Normal-dispersion Microcombs Enabled by Controllable Mode Interactions

TL;DR

This paper presents a controllable scheme using coupled microresonators with microheaters to generate broadband normal-dispersion microcombs, expanding the potential wavelength range for microcomb applications.

Contribution

It introduces a novel method to programmatically tune mode interactions in coupled microresonators for Kerr microcomb generation in the normal dispersion regime.

Findings

Demonstrated broadband normal-dispersion microcombs using controllable mode interactions

Achieved microcomb generation, repetition rate selection, and mode locking with silicon nitride microrings

Showed potential for extending microcomb wavelength ranges, including visible spectrum

Abstract

We demonstrate a scheme incorporating dual coupled microresonators through which mode interactions are intentionally introduced and controlled for Kerr frequency comb (microcomb) generation in the normal dispersion region.

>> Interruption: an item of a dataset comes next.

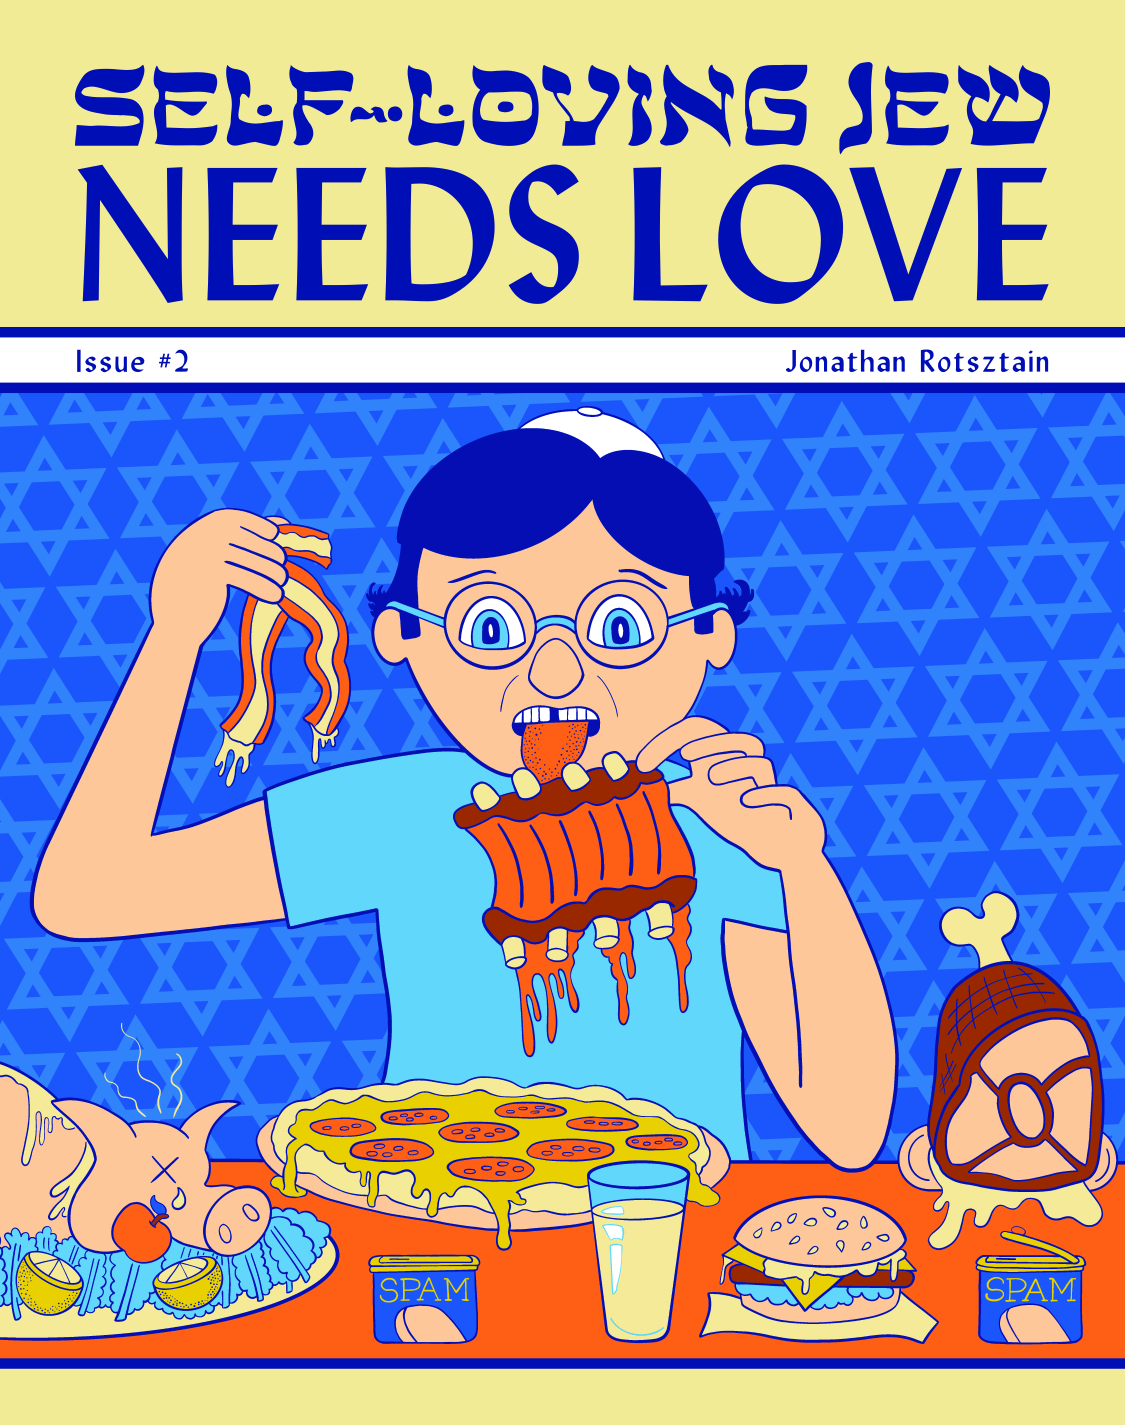 Self-Loving Jew Needs Love Issue Number 2. Illustration of young Jonathan wearing a kippah seated at a table with many treif (non-Kosher) foods including pork, ham bacon, and pepporini pizza with Magen Davids in the background.

Microcomb generation, repetition rate selection, and mode locking are achieved with coupled silicon nitride microrings controlled via an on-chip microheater. Our results show for the first time that mode interactions can be programmably tuned to facilitate broadband normal-dispersion microcombs. The proposed scheme increases freedom in microresonator design and may make it possible to generate microcombs in an extended wavelength range (e.g., in the visible) where normal material dispersion is likely to dominate.